Va però detto con franchezza che sulla vicenda delle dimissioni (annunciate, poi sospese, poi rinviate, poi confermate a mezza bocca e, infine, ufficializzate oggi) della presidente della regione Umbria ha clamorosamente perso un’occasione per esercitare la sua leadership, mostrando il fianco a tutti i suoi critici (fuori e dentro il partito).

Il Pd aveva infatti il dovere di esprimersi in modo chiaro sulla vicenda (cosa che non ha fatto per  settimane), perché altrimenti ne esce un quadro opaco e perfettamente idoneo ad incoraggiare interpretazioni in chiave di puro opportunismo.
Avrebbe potuto scegliere (a Roma come a Perugia) una linea di assoluto garantismo, lasciando la vicenda giudiziaria al suo corso senza parlare di dimissioni della Presidente.

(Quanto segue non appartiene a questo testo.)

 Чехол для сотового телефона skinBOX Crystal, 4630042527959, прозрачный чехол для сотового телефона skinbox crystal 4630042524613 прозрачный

Oppure avrebbe potuto sposare un approccio di massimo rigore, valutando opportuno interrompere la vita dell’amministrazione alla luce delle pesanti ipotesi di reato.

Invece ha scelto una condotta “né carne né pesce”, con Roma su una linea a favore delle dimissioni ed i consiglieri regionali che in Umbria hanno votato una mozione che dice il contrario (sabato).

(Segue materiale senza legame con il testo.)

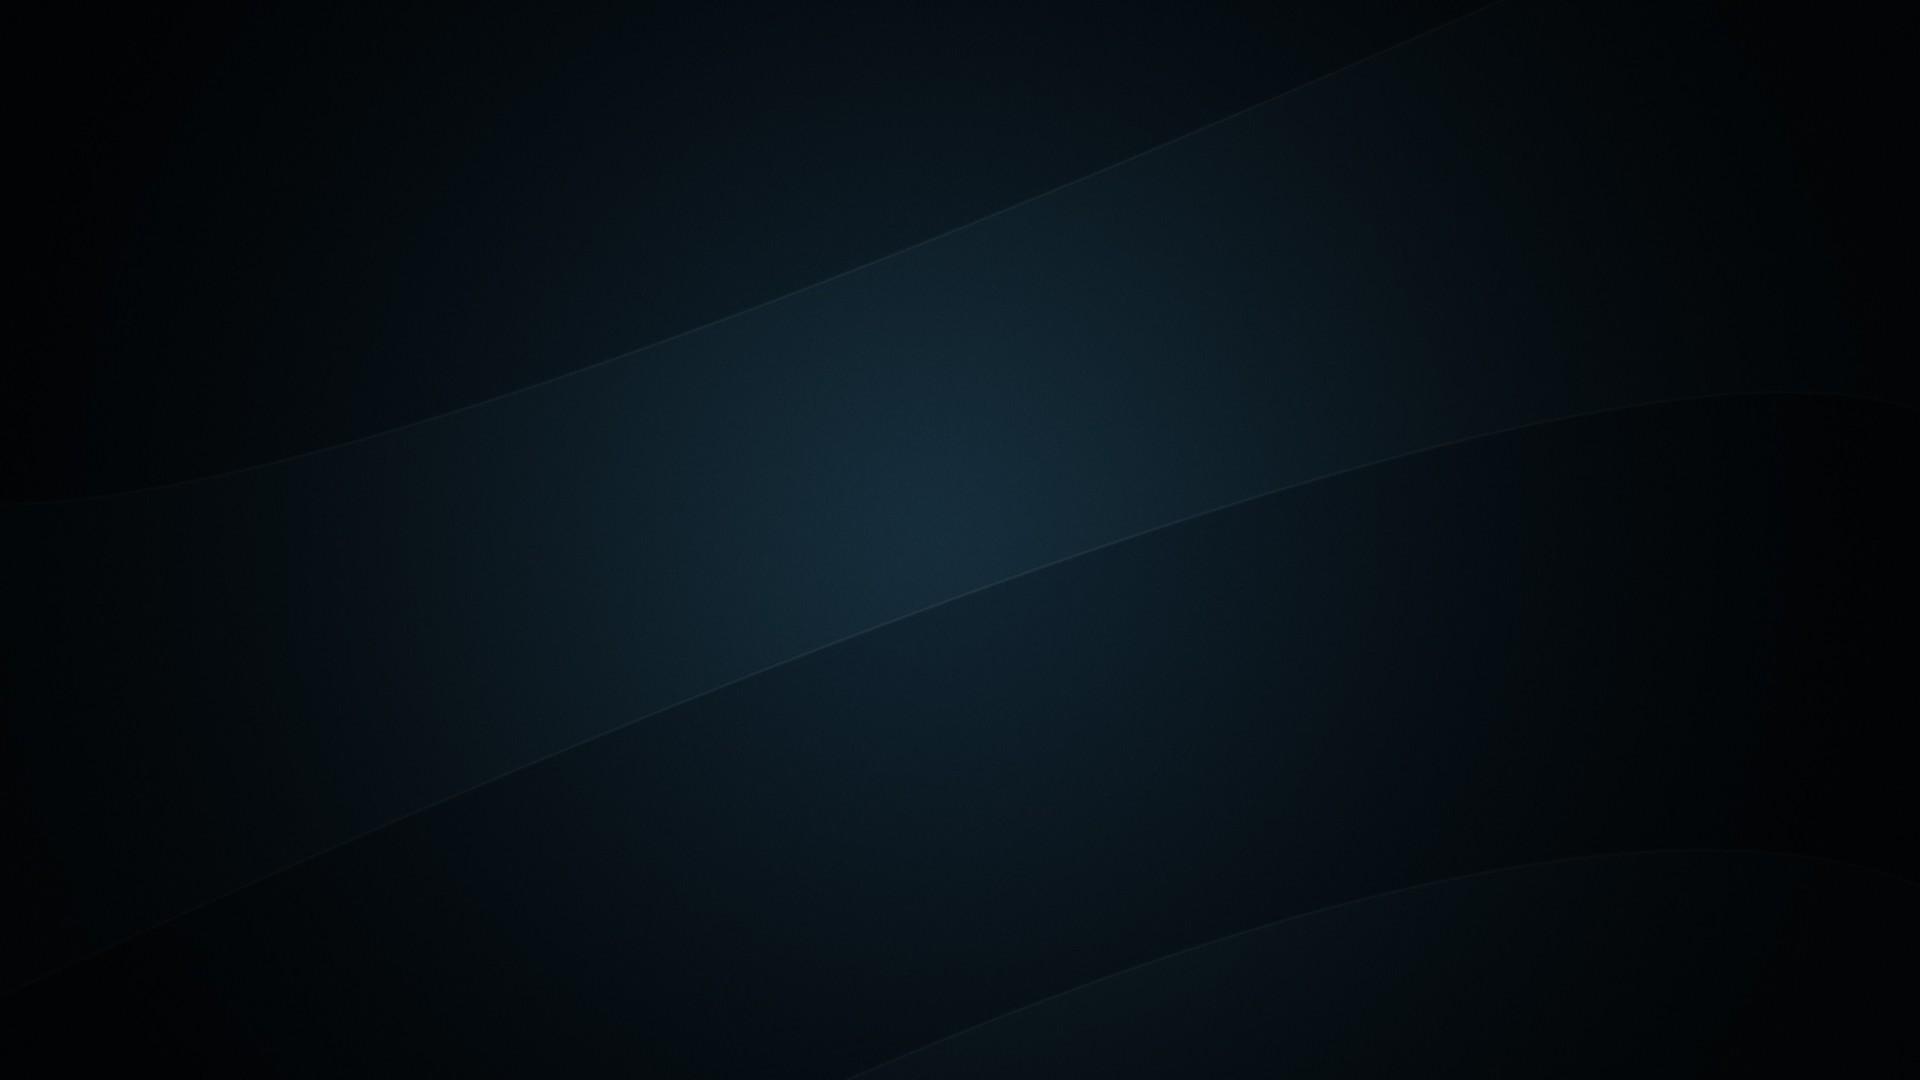 Solid Black Wallpaper ·â' WallpaperTag

In mezzo c’è la presidente Marini, anch’essa portata a dire cose diverse a seconda del giorno in cui viene intervistata, per poi giungere oggi alla formalizzazione delle dimissioni (in significativo contrasto con tutte le sue dichiarazioni di queste ore). Insomma uno spettacolo piuttosto desolante, non degno di un nuovo corso che dovrebbe portare la sinistra italiana ad essere capace di costruire una credibile alternativa di governo.

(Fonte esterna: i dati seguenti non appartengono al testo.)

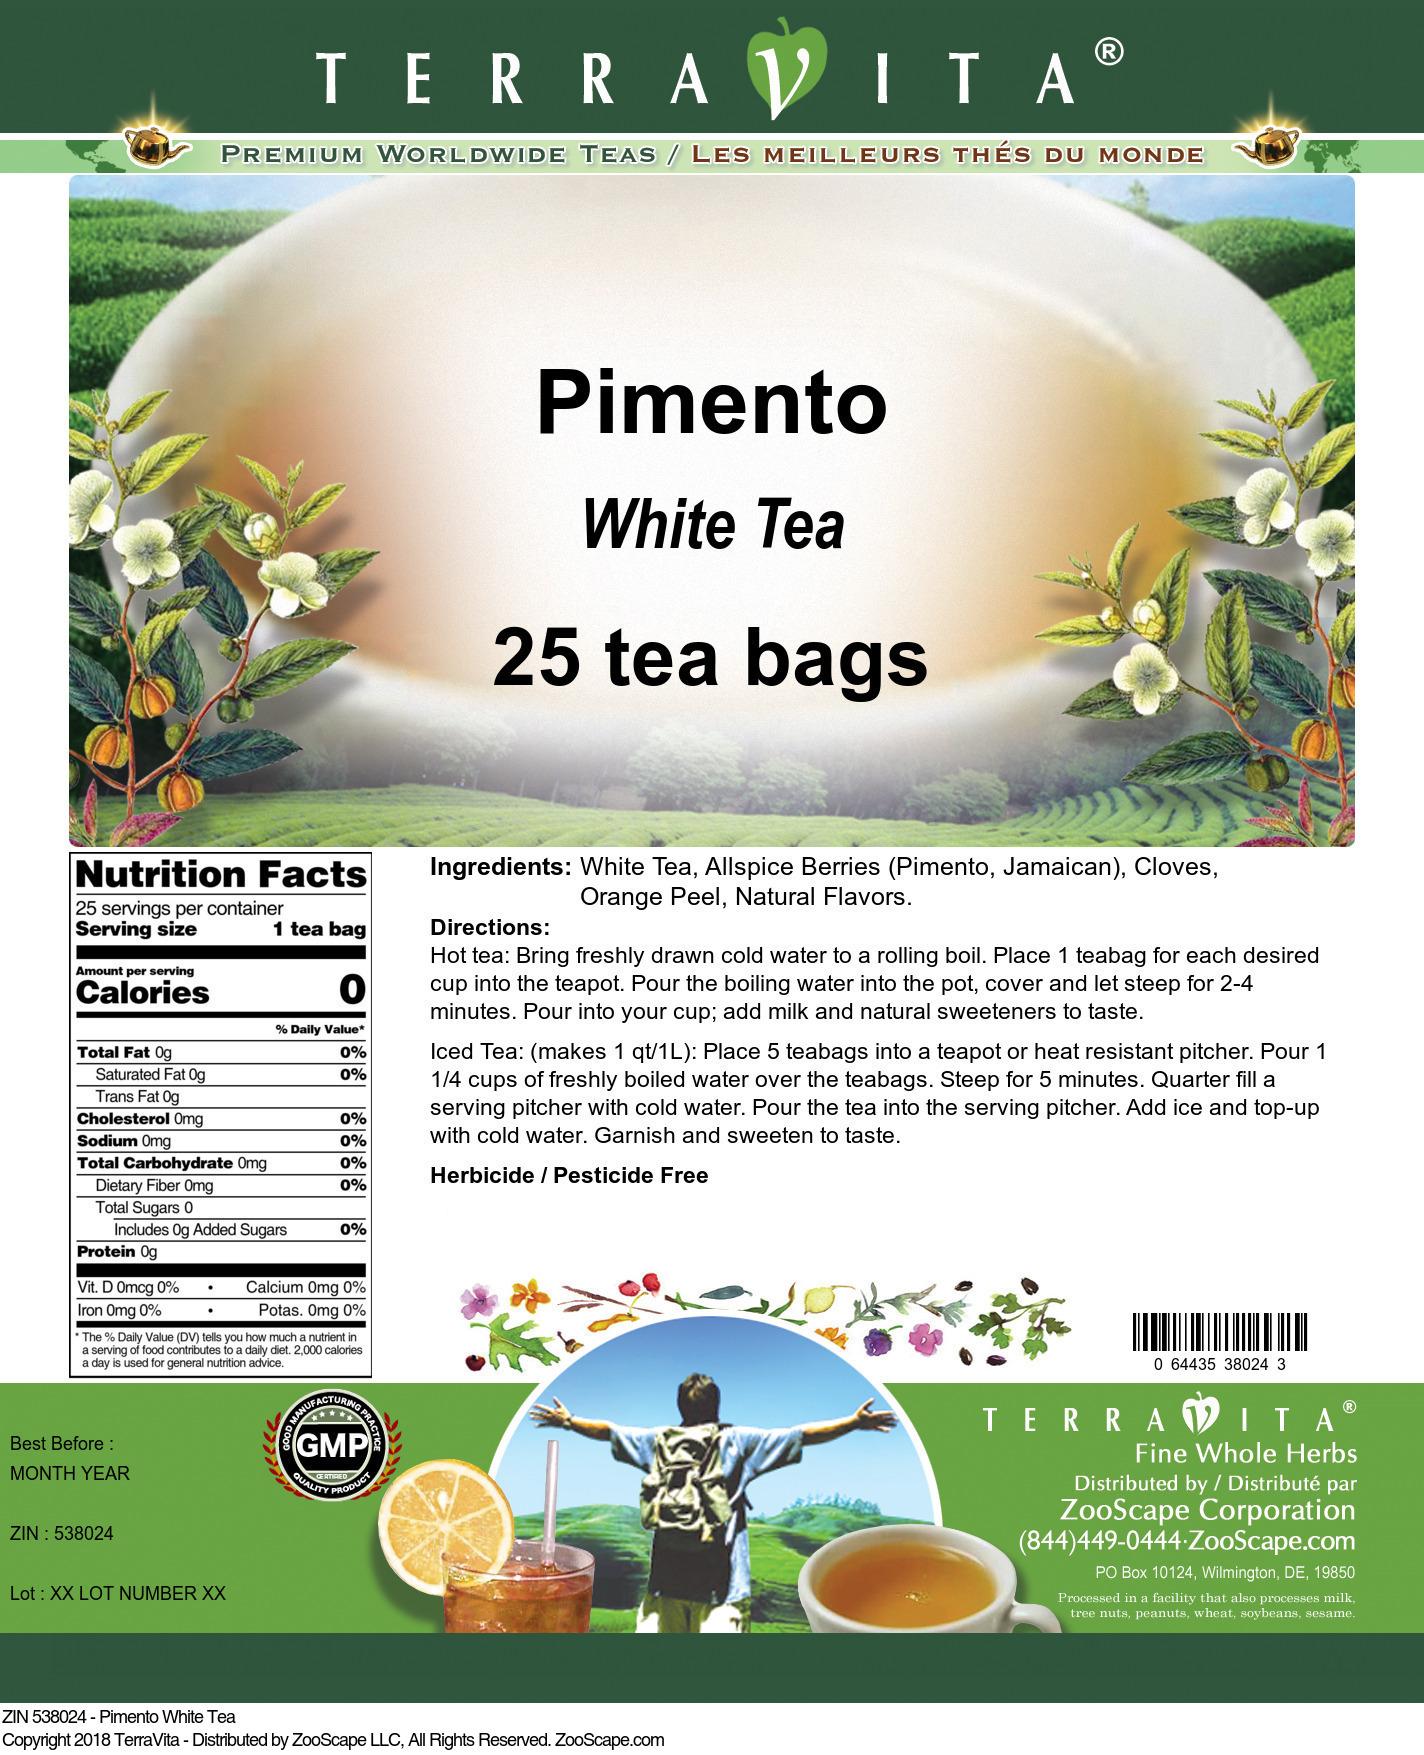 Pimento White Tea

La valutazione politica è sempre necessaria di fronte ad inchieste che riguardano esponenti di primo livello delle amministrazioni. Nel caso umbro Zingaretti ha sposato subito la linea delle dimissioni, arrivando a pronunciare (ieri a Mezz’ora in più) parole forti: “nel Pd che ho in mente se qualcuno si vende i concorsi siamo noi a cacciarlo senza aspettare le procure”.
In Umbria però è successo (per troppo tempo) l’esatto contrario. Regalando così a Salvini e Di Maio una prateria di polemiche in cui scorrazzare a piacimento.